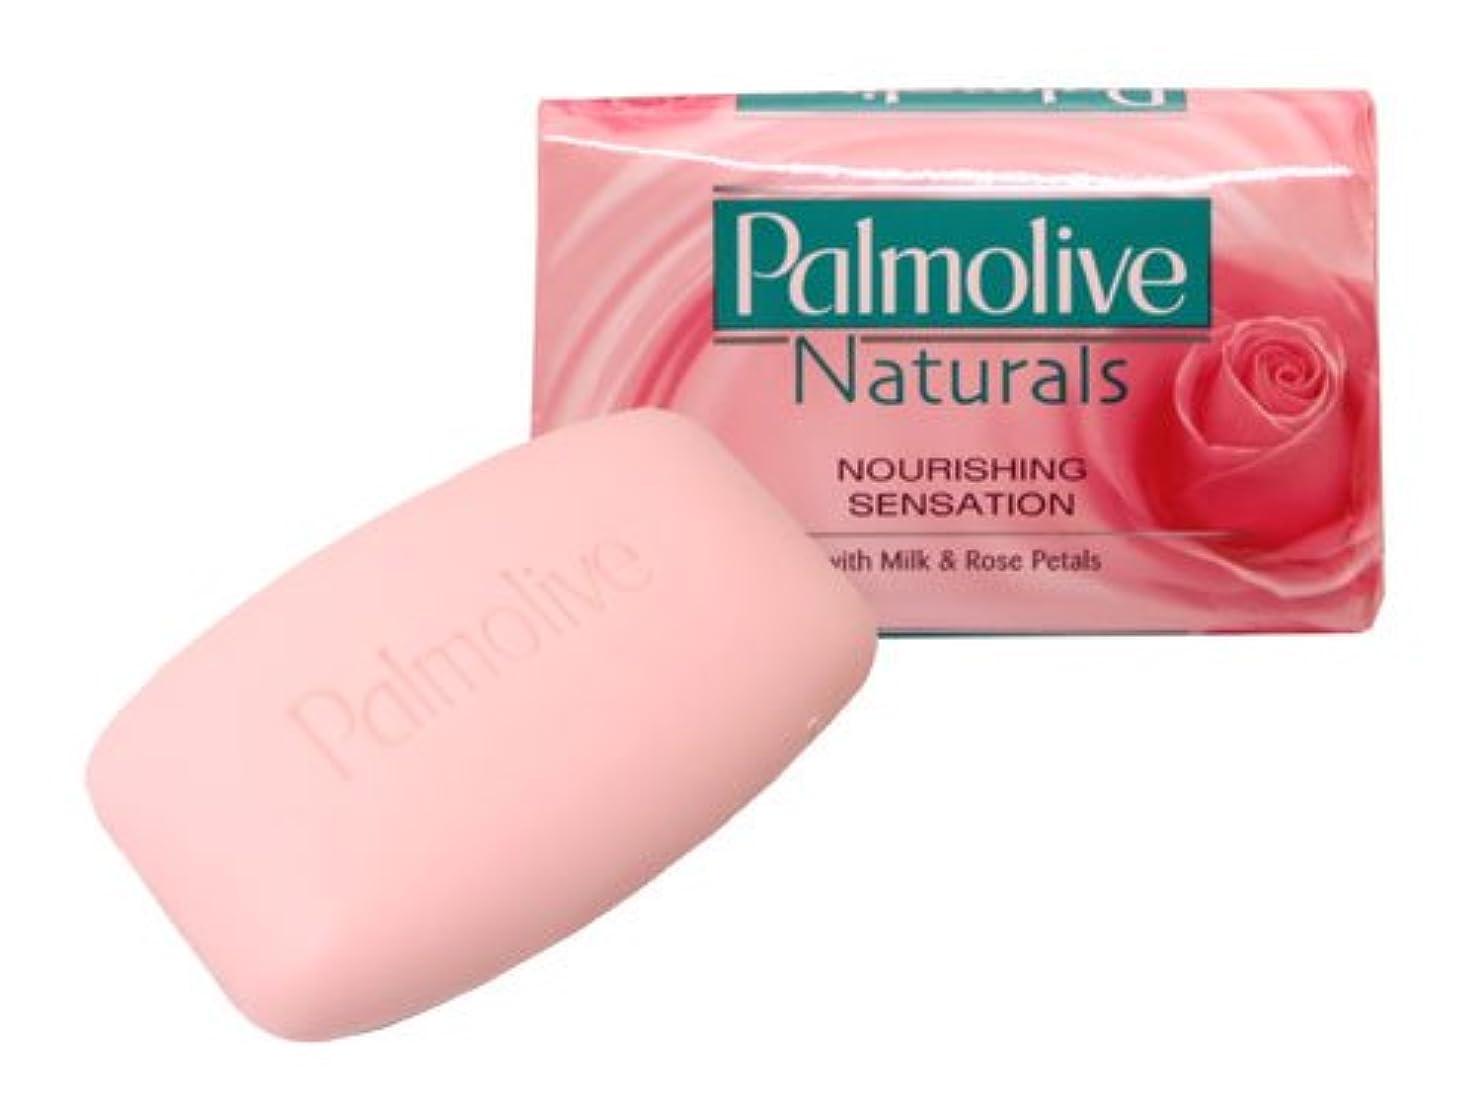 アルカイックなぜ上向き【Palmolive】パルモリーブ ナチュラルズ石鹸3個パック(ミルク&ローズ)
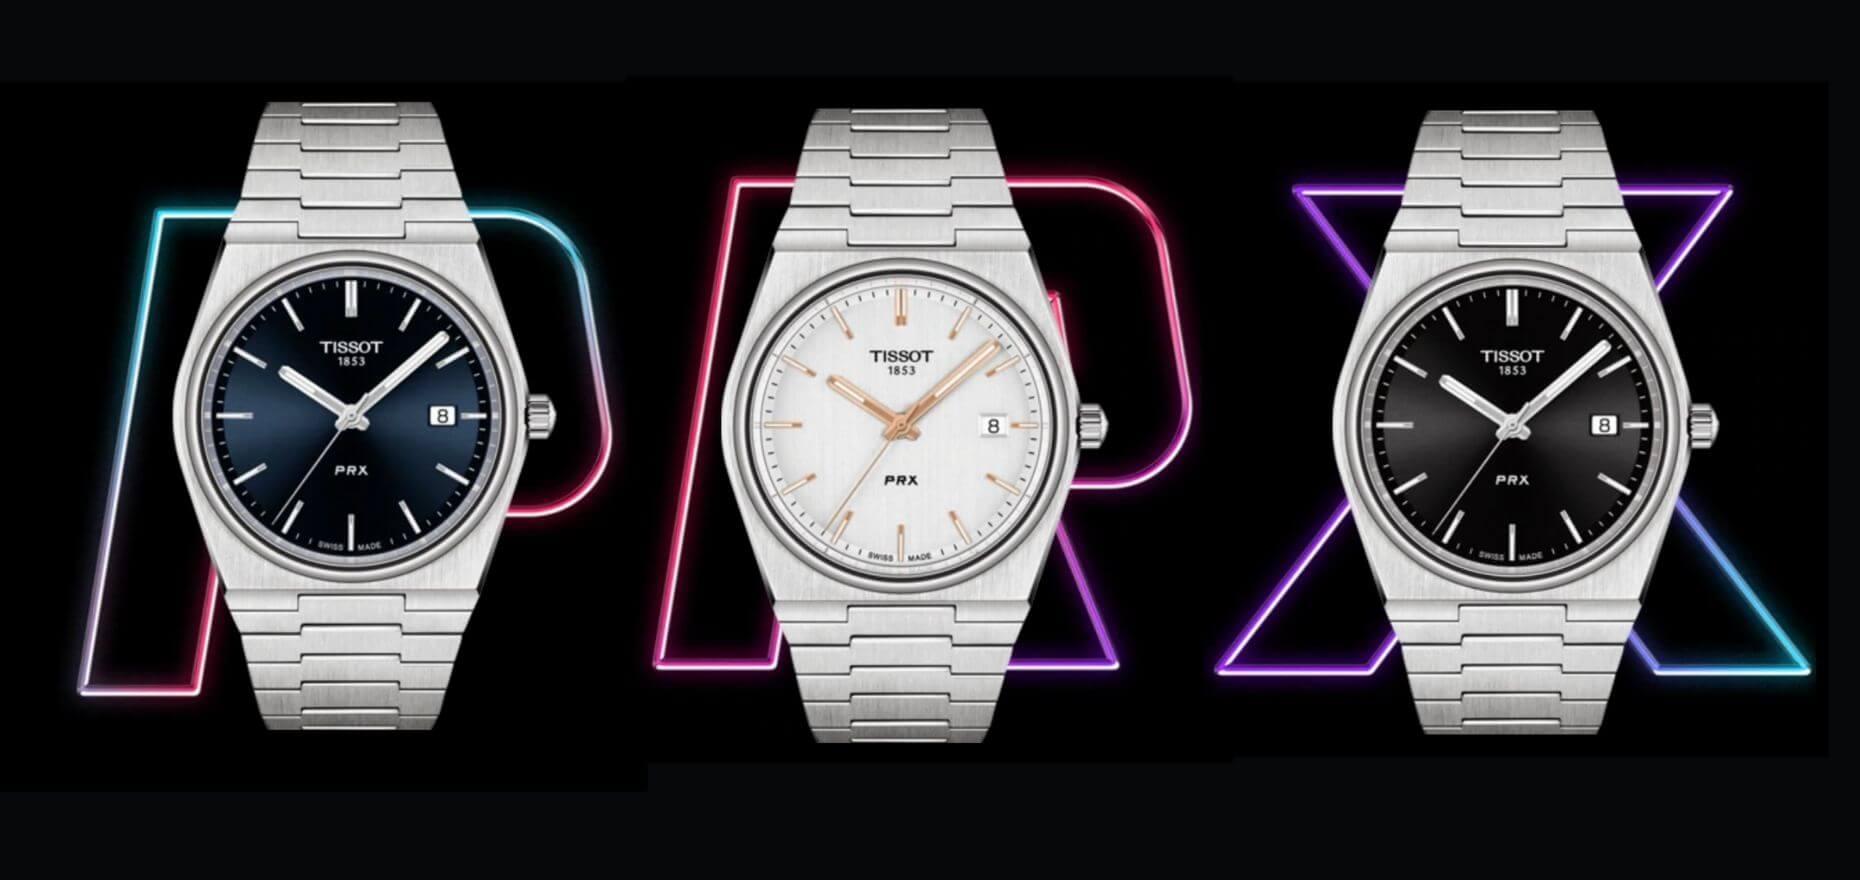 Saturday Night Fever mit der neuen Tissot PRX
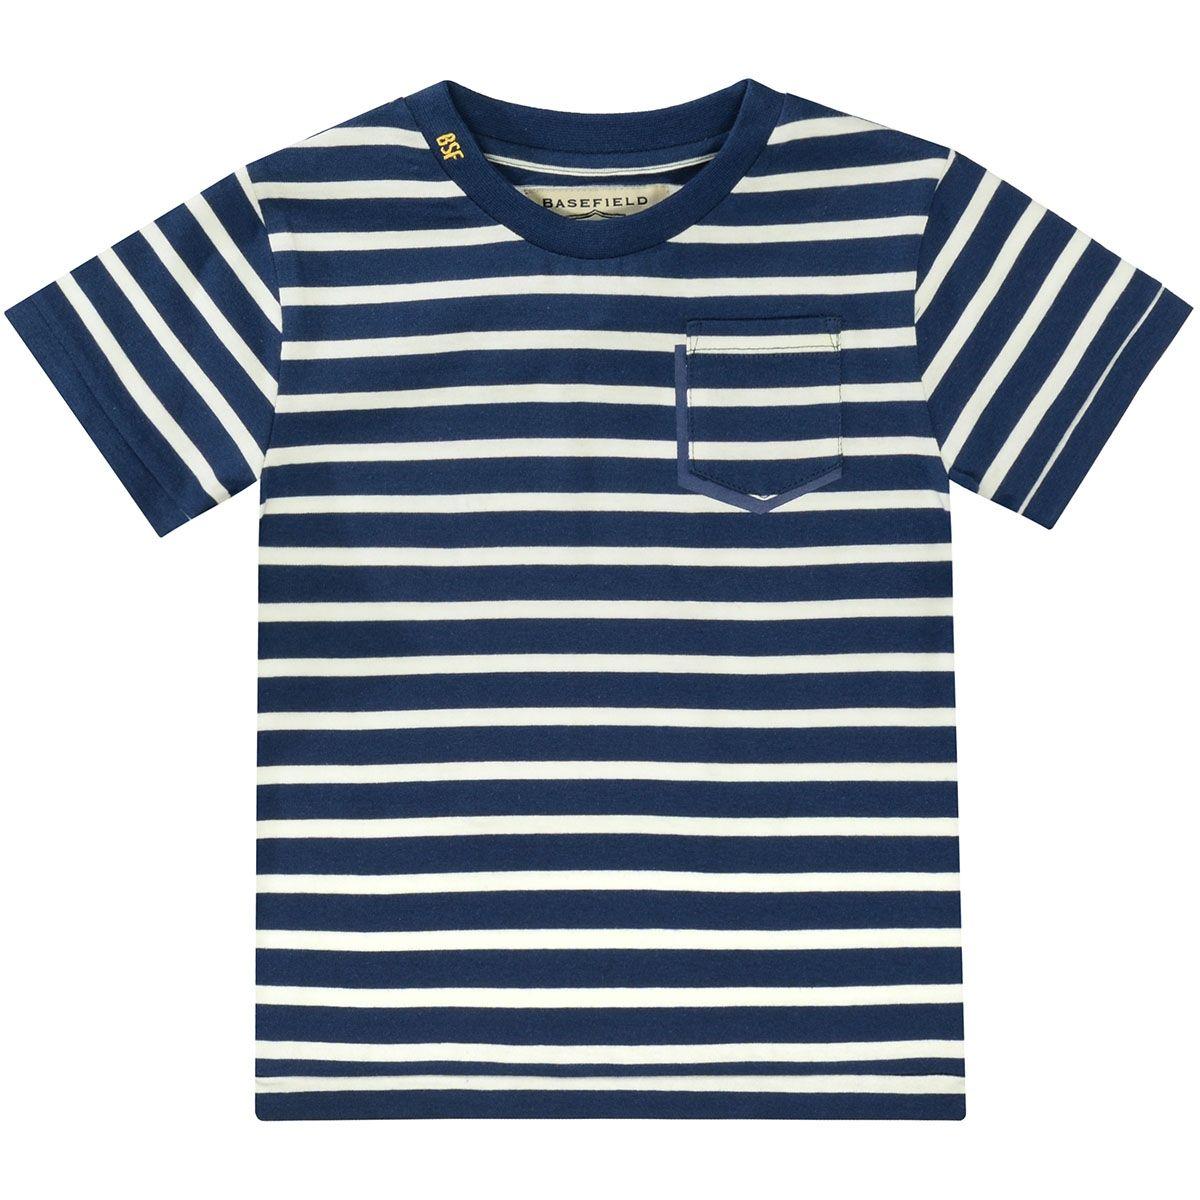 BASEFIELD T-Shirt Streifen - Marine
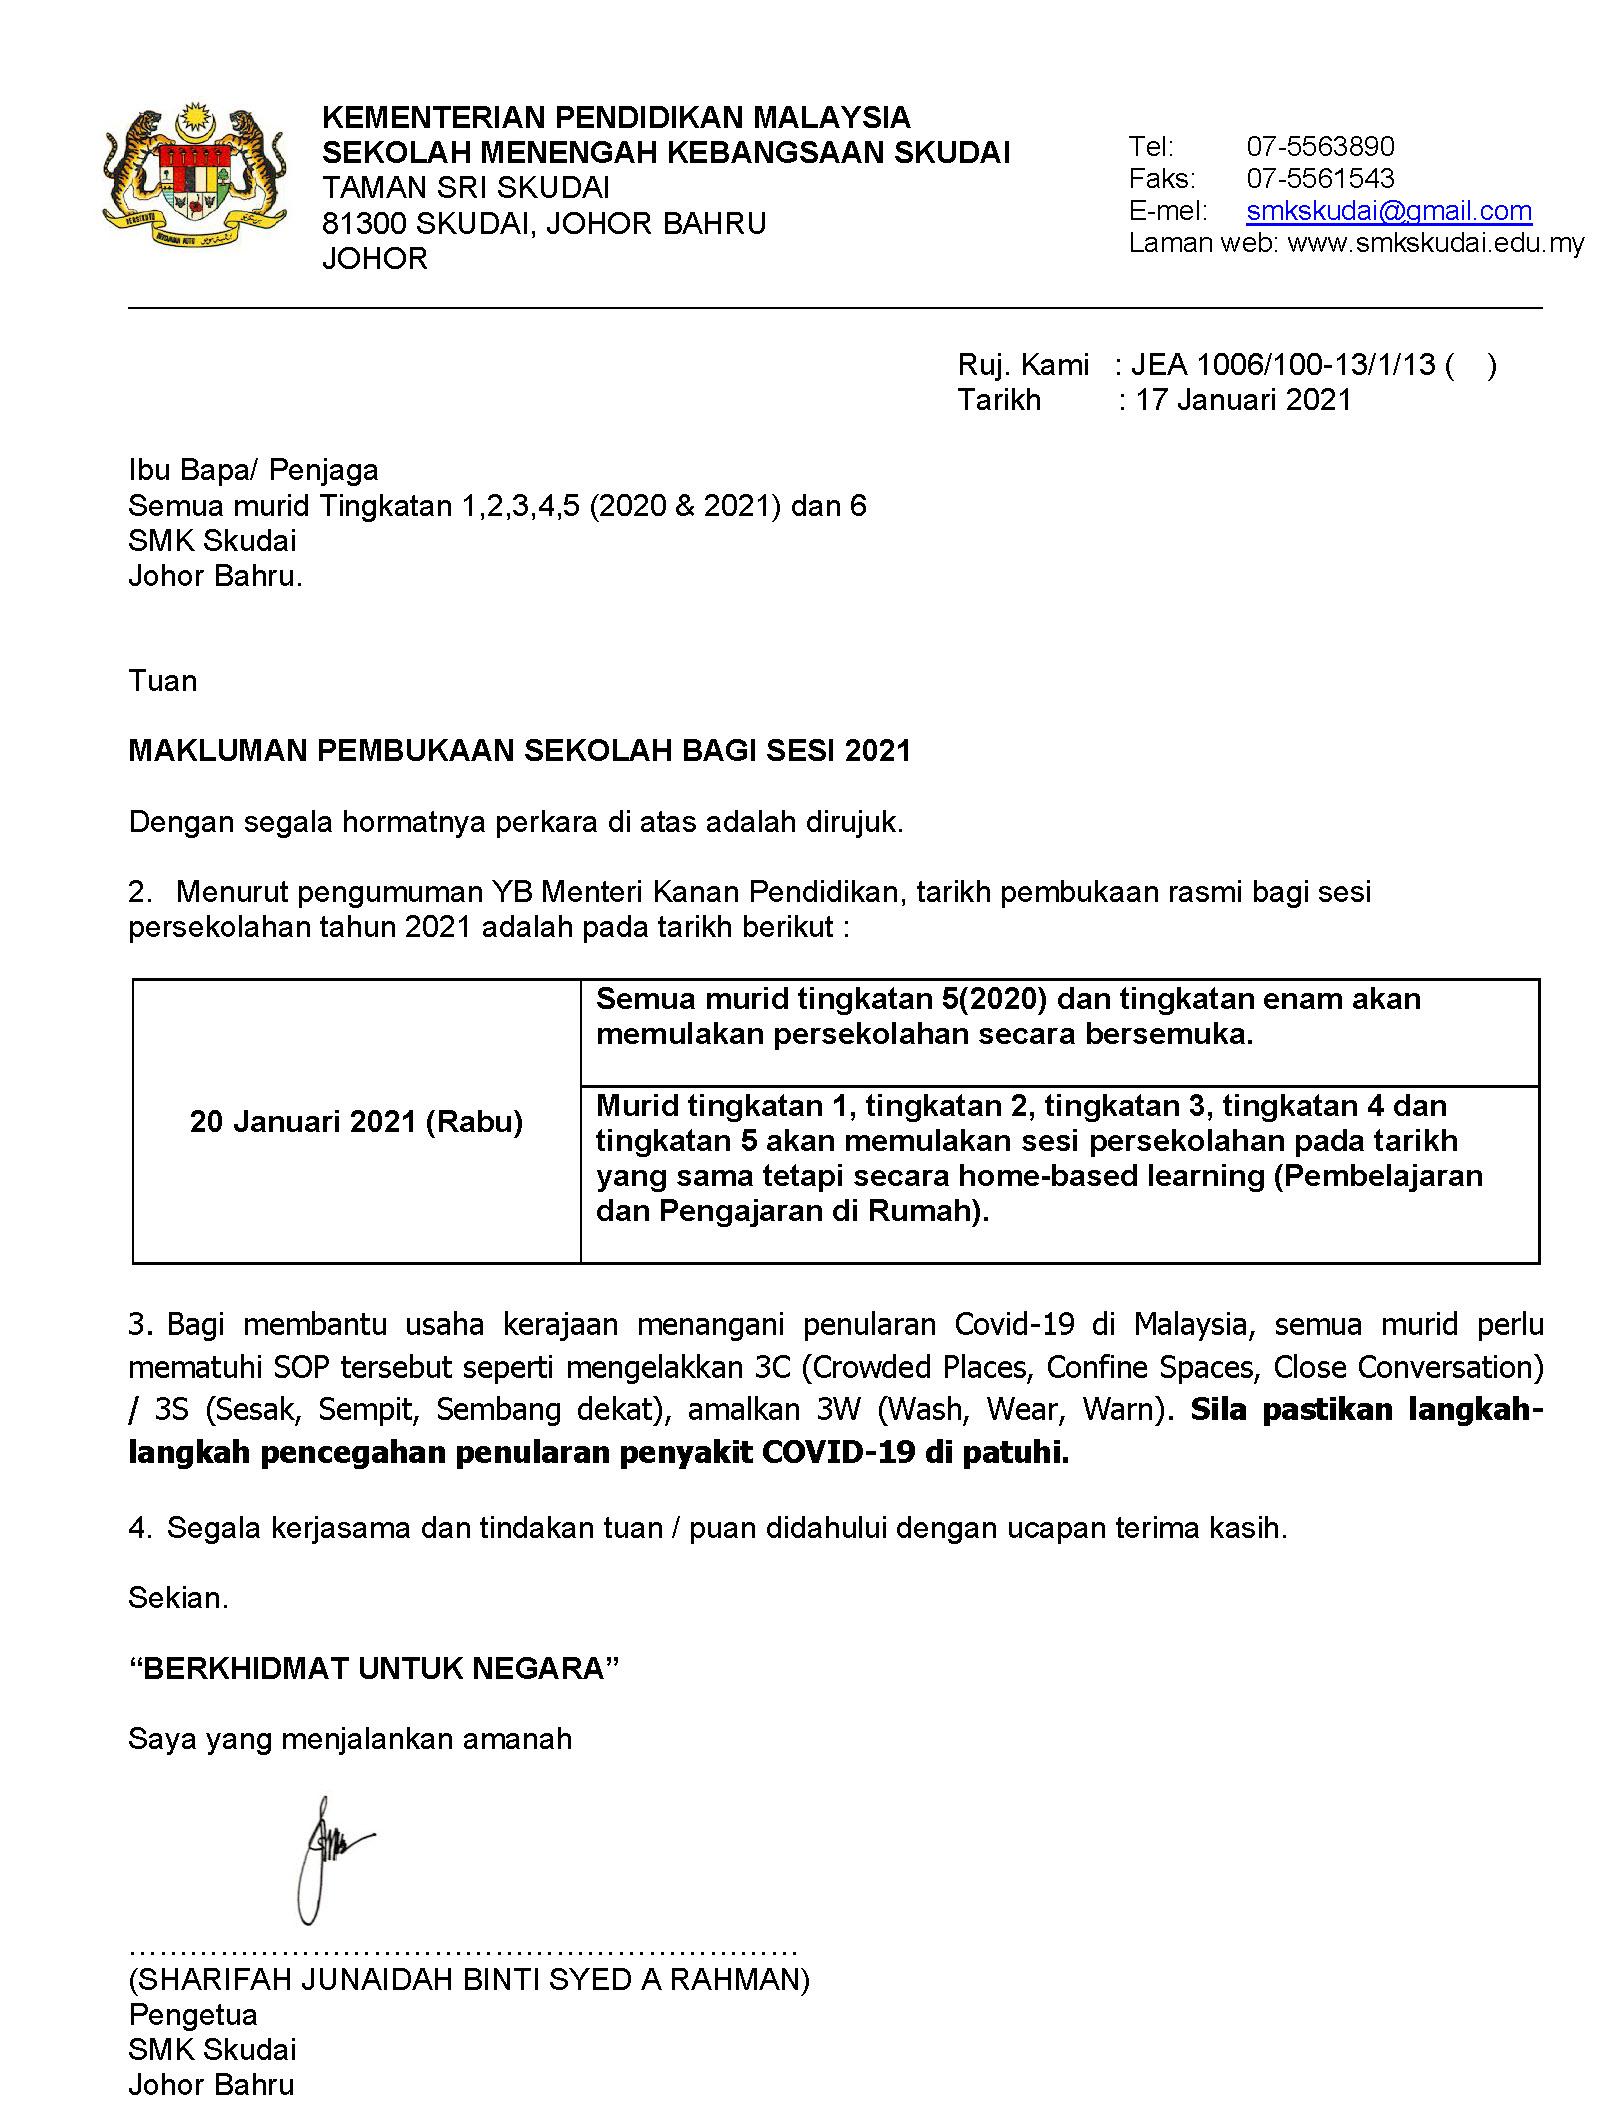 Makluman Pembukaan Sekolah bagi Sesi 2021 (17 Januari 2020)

* **YOUR OBJECTIVE**: Your answer must be an exact copy of the data above, minus its pictures.

* **OUTPUT BELOW**:
 アルカイックなぜ上向き【Palmolive】パルモリーブ ナチュラルズ石鹸3個パック(ミルク&ローズ)
 Saturday Night Fever mit der neuen Tissot PRX
 BASEFIELD T-Shirt Streifen - Marine
 Makluman Pembukaan Sekolah bagi Sesi 2021 (17 Januari 2020)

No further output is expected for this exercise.